The problem in my case seems to be originating from the fact that there is only a single 'front door' from the perspective of initiating the connection; the IP that leads to the Ingress Controller on the cluster which is directing the requests into the cluster to backing pods/containers.
As a result, not only the .well-known requests that are to be destined for the server name address are routed there by said controller, the aforementioned endpoints are as well. Based on the documentation I would not have expected these endpoints to also execute against the server name address instead of the resolved host address (through the SRV record or .well-known response). The Service Discovery documentation only ever talks about the .well-known endpoints. The other endpoints are all located in different chapters of the documentation.

Normally I'd probably say "it's just me having a weird/exotic setup or being stupid" but looking at how often issues pop up around here related to the split server name<->host address setup, I think it's not just me haha.
It'd probably do well to somehow have a clear overview of what endpoints will be accessed using which DNS record and which Host: value.

Context on the setup:
Ingress host: matrix.example.com
Server name: example.com
SSL certificate presented at matrix.example.com is valid for both itself and the server name example.com
DNS records:

example.com         A   192.168.1.1
matrix.example.com      A   192.168.1.1
_matrix._tcp.example.com    SRV 0 0 443 matrix.example.com.

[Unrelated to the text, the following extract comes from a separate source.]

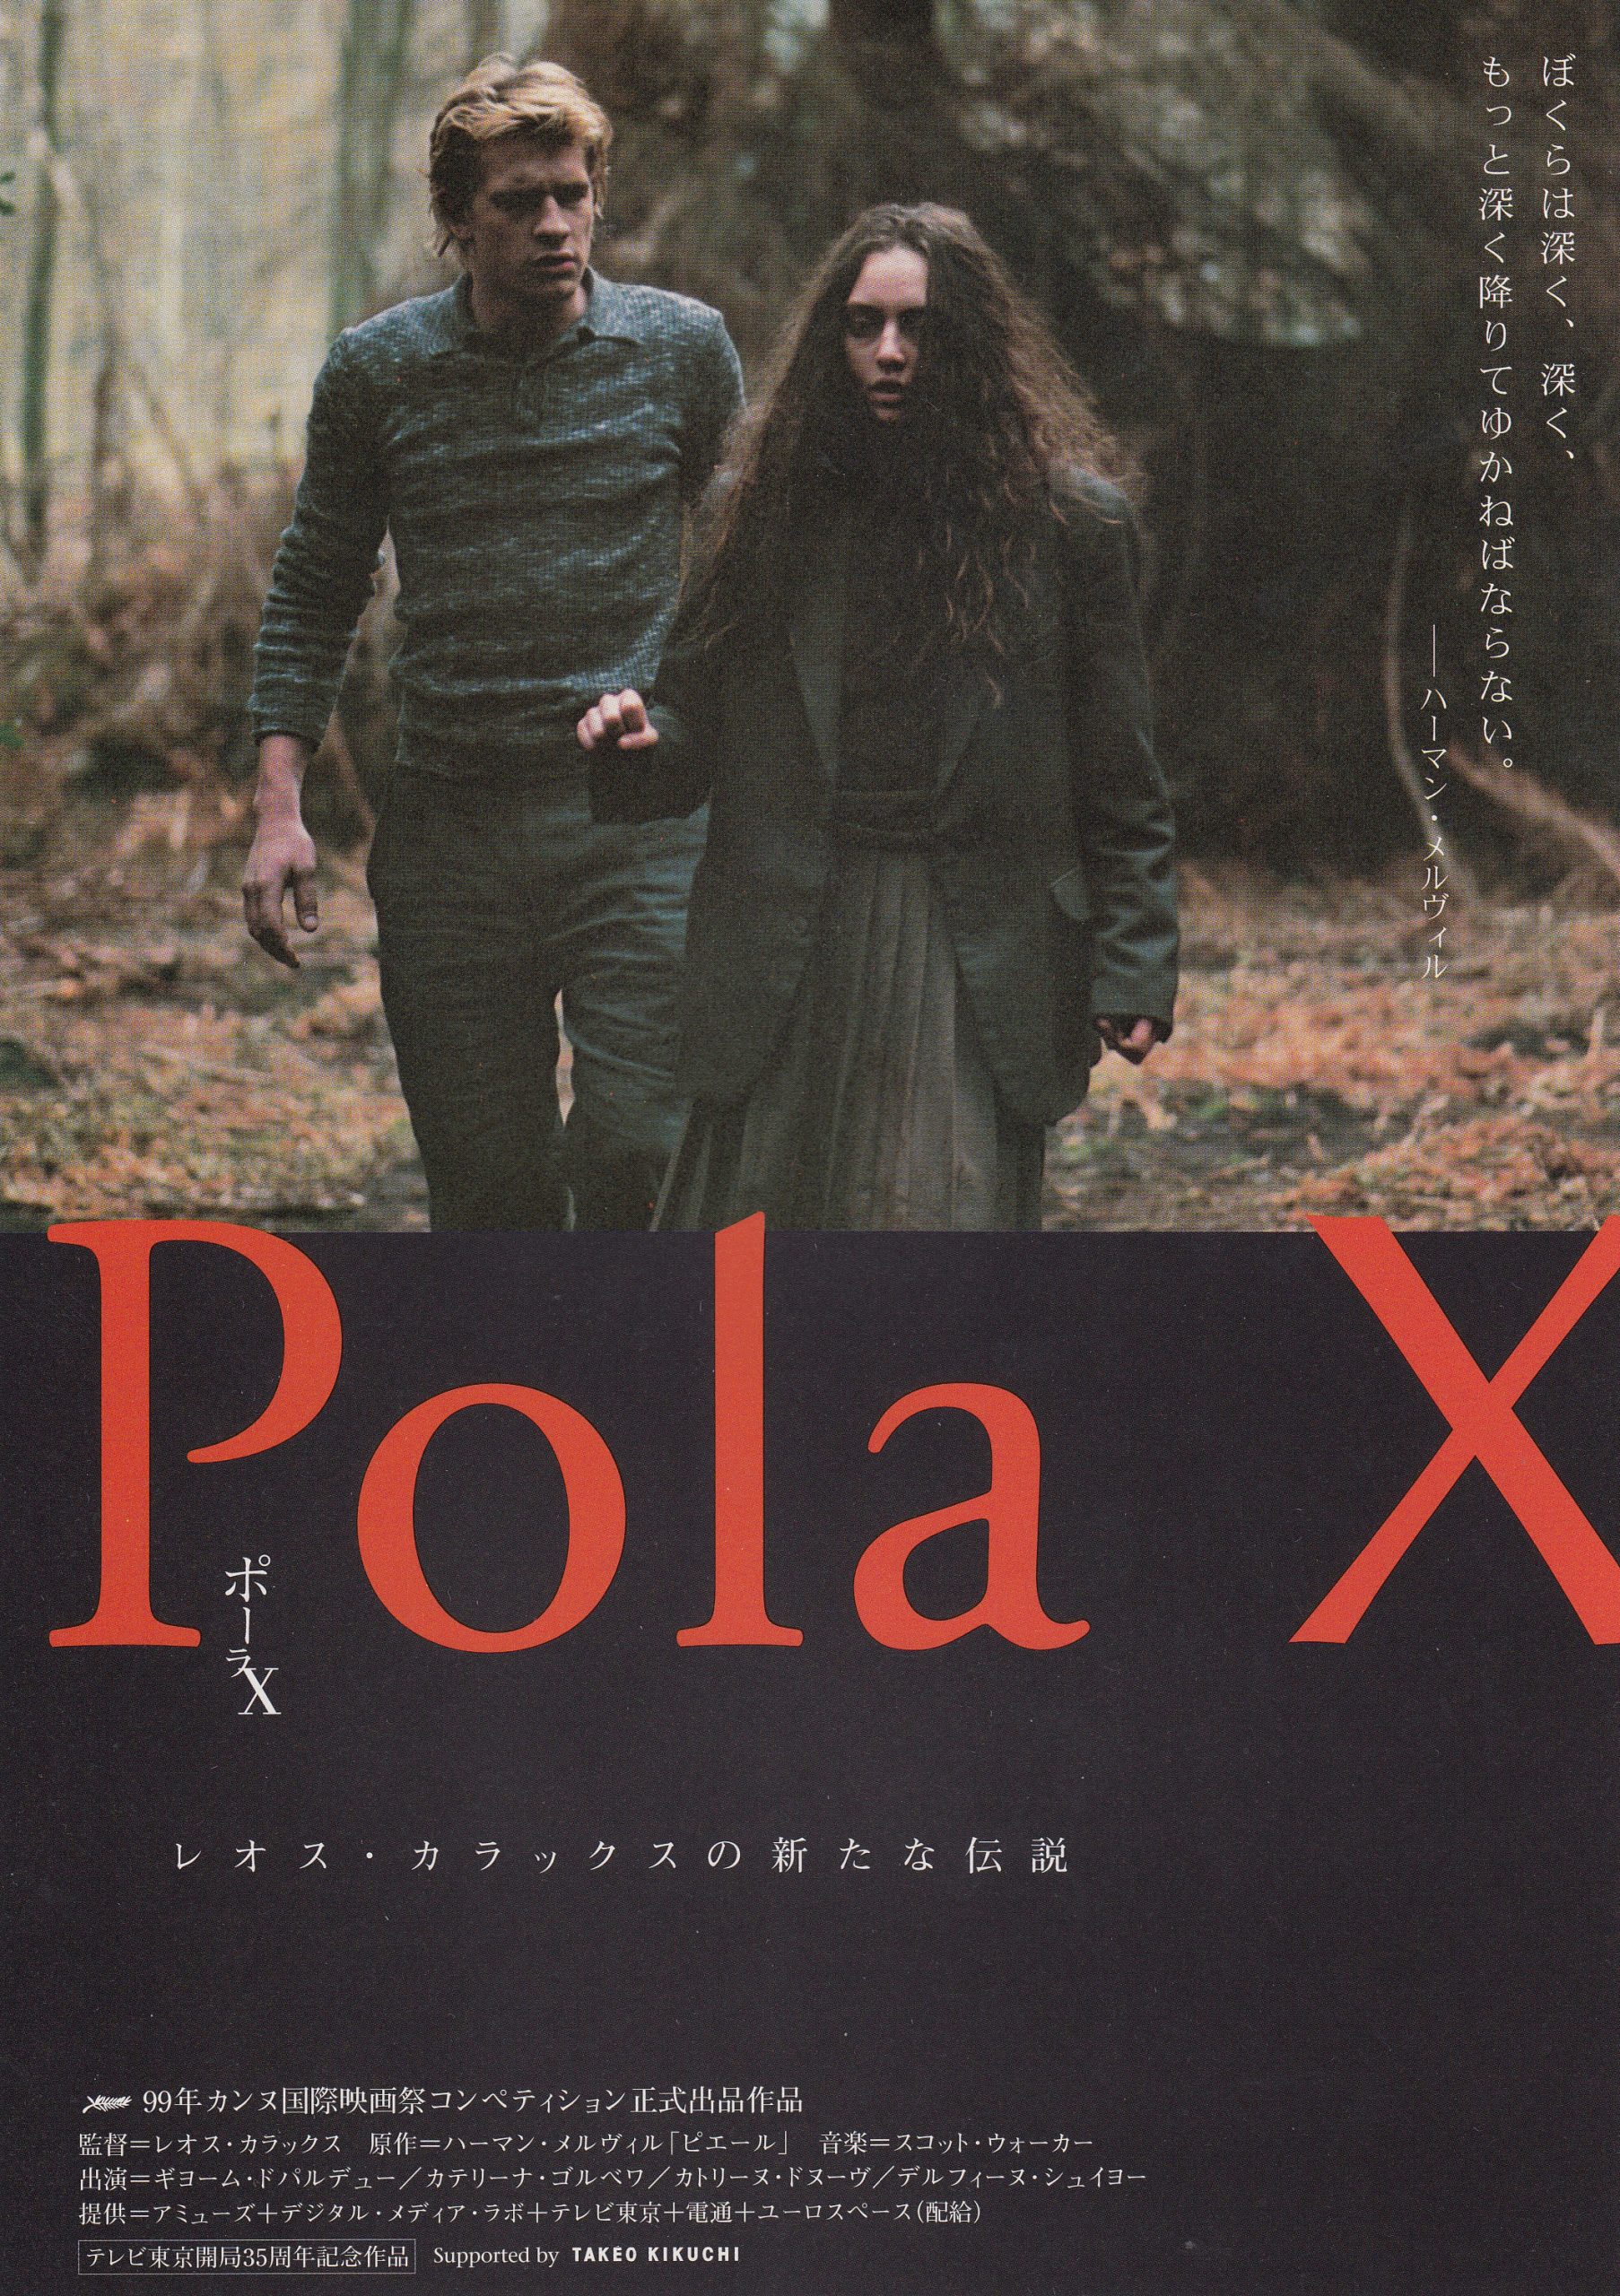 ポーラX('99仏/独/スイス/日本)

All of that said, under the assumption it's indeed as-designed, I personally still think this is a very weird design decision to require the server name's address to still handle matrix traffic itself after already knowing/resolving the actual host address and also already proving that you own the relevant domain names by having the host address present a certificate valid for both the server name address and host address because that basically just means that you have to run the server at the server name address as well regardless of having/wanting it running at the host address only. :man_shrugging:

EDIT: For the record, I ended up deciding to just cover all the endpoints in the whole of chapter 3 (https://matrix.org/docs/spec/server_server/latest#server-discovery) and not just the endpoints covered in chapter 3.1 which explains how matrix handles the discovery. Fairly sure this is the same as what I did at least a year or so ago now with Synapse.
Since I do have the possibility to access and capture traffic at that level and not just the DNS record for it I can do so and that seems to be sufficient but I have nothing to base that on other than "it works for me" and passes the federation test. So at the very least it's opened up wide enough but if it's too much, I don't know atm.

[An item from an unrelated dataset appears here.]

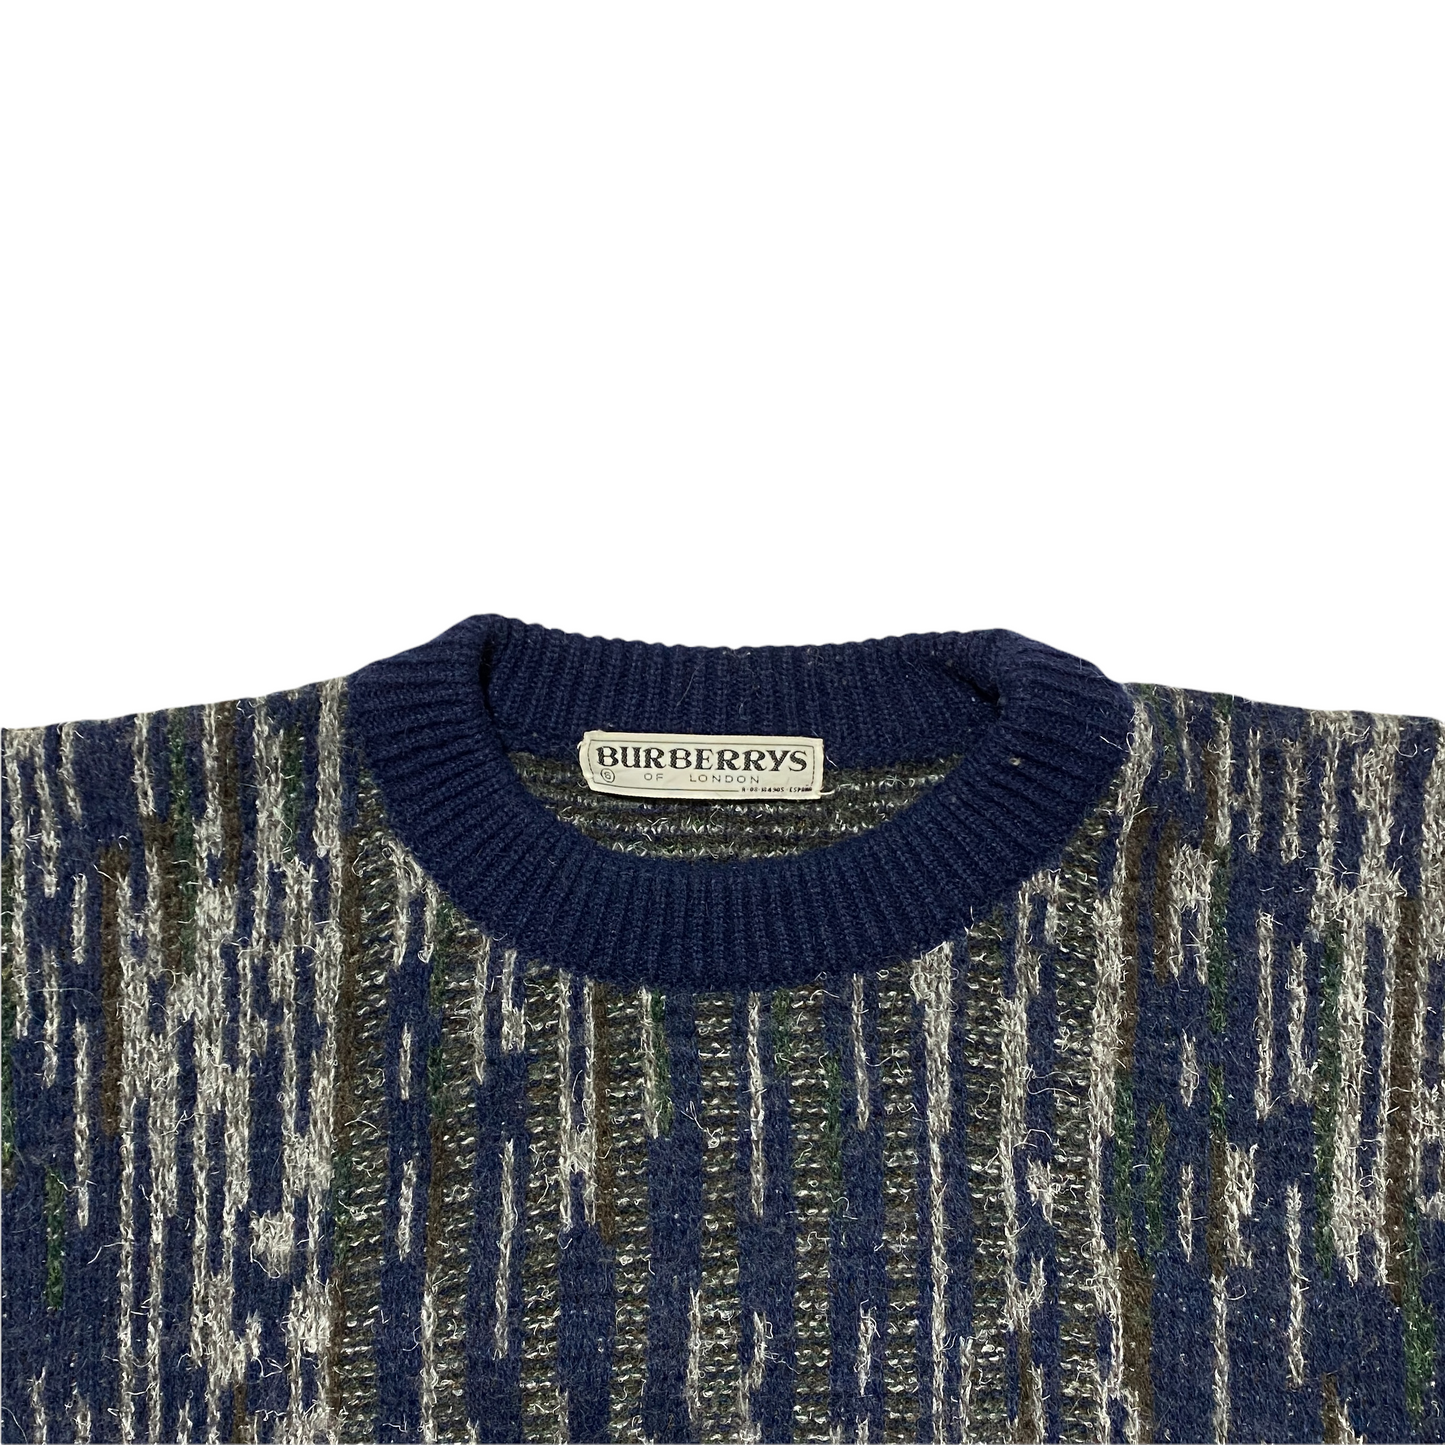 80's Burberrys Knit Jersey (L)

This is something that's nicer with Dendrite in polylith mode as at least it only means the federation-api component/container is represented/exposed at multiple addresses, not a container running the whole server, but it still means you actually need to run (part of) matrix on the server name address at all times. You can't just rely on the fallback to the SRV record or only having the .well-known endpoints captured at the server name address.

[strifel]

I ran into the same problem. I have not setup the well-known as there is no webserver running on port 443.

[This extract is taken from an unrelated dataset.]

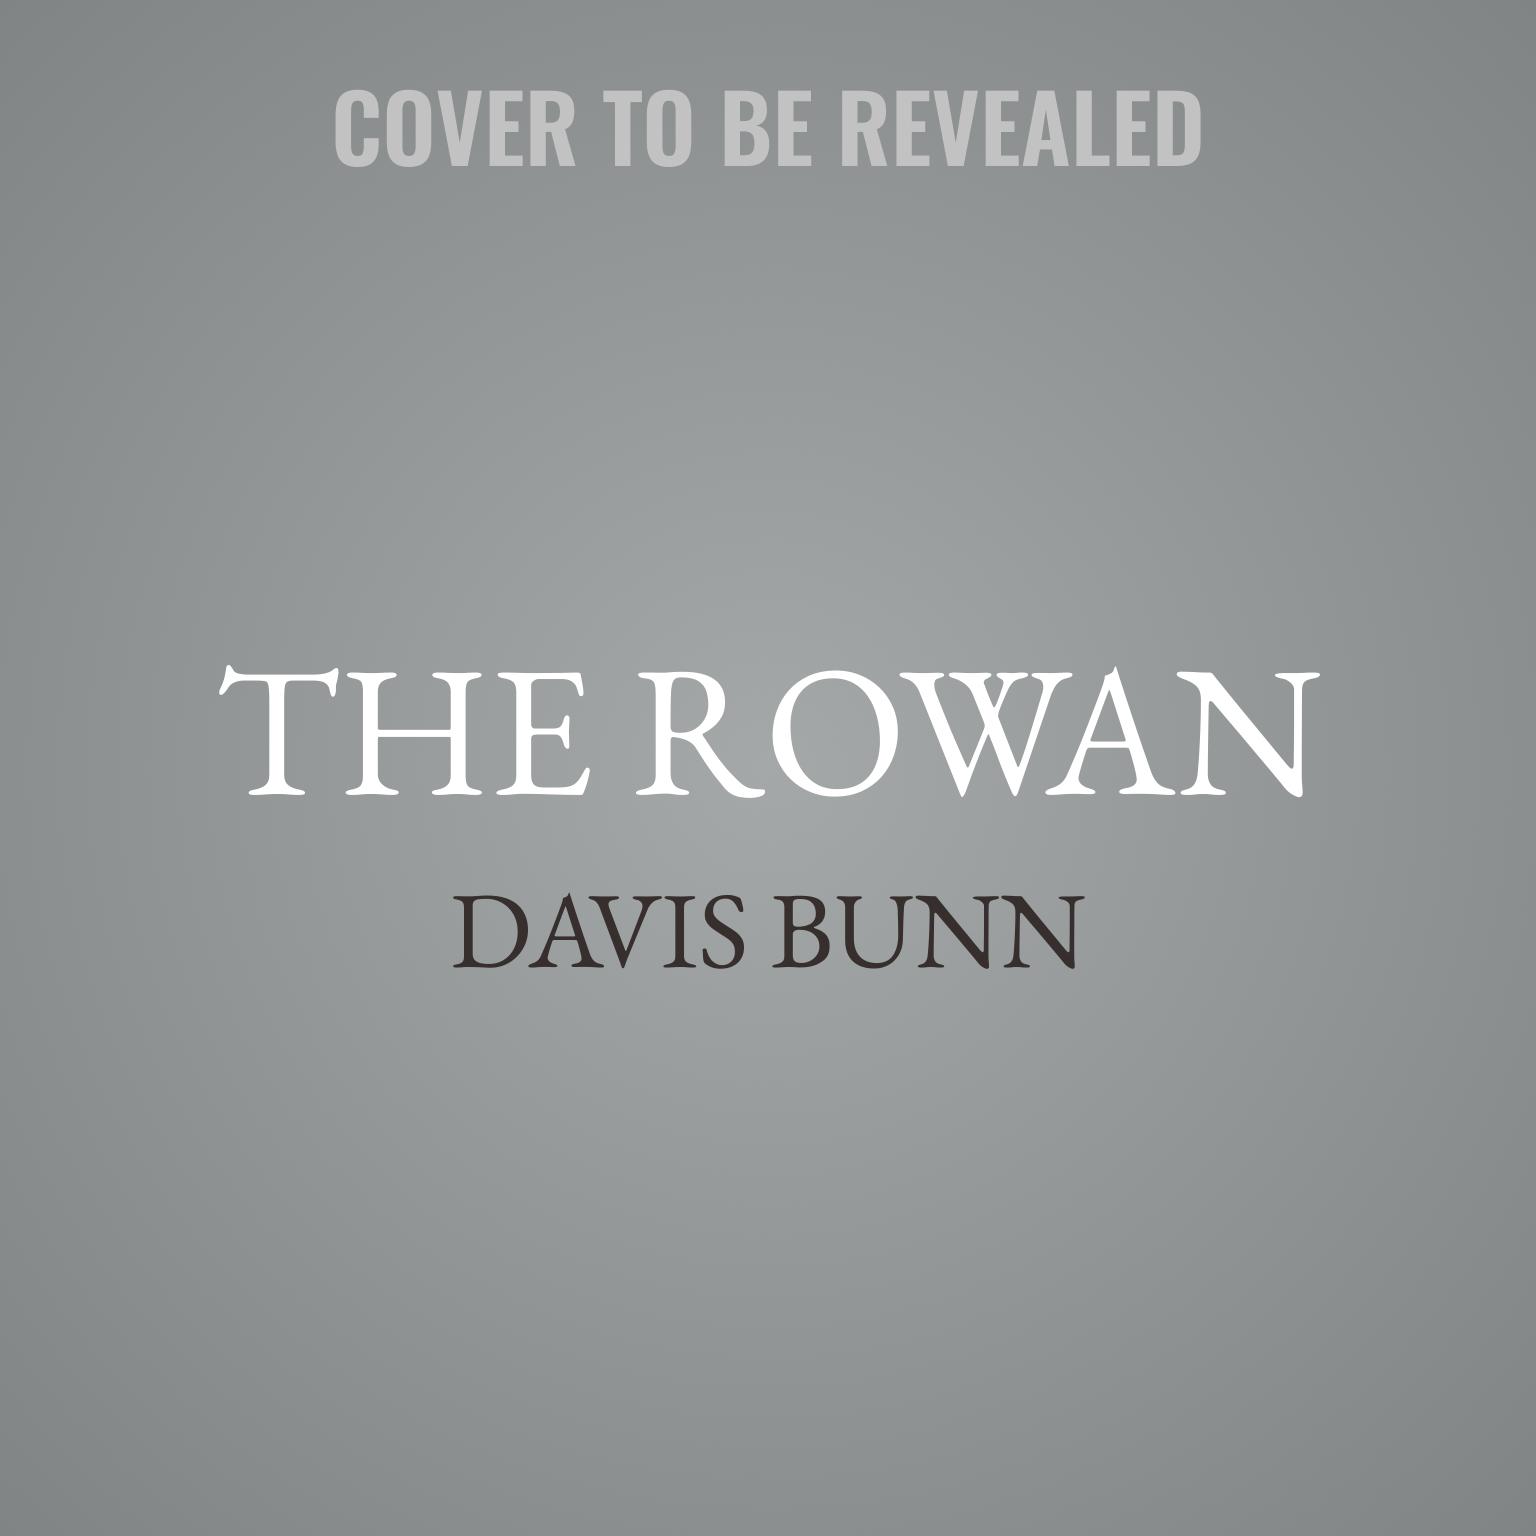 The Rowan: A Rowan Novel Audiobook, by T. Davis Bunn

Federation works fine, but the tester can not load the version. It can do the Checks.

From looking at the code I think the version lookup is before the srv lookup?

[richvdh]

It looks like https://github.com/matrix-org/gomatrixserverlib/blob/7ea554ef840a2ef041997303f72337f71eca7ddd/client.go#L371 is making a regular HTTP request rather than using the federation client routing.

This is bogus; that commit of gmsl was never merged (it was an intermediate commit in https://github.com/matrix-org/gomatrixserverlib/pull/121). The correct code is https://github.com/matrix-org/gomatrixserverlib/blob/fb4e807/client.go#L388, which looks like it uses the correct routing.

[richvdh]

I believe this is fixed. If anyone is still seeing it, please let us know, citing an actual hostname (not just example.com) so that we can investigate.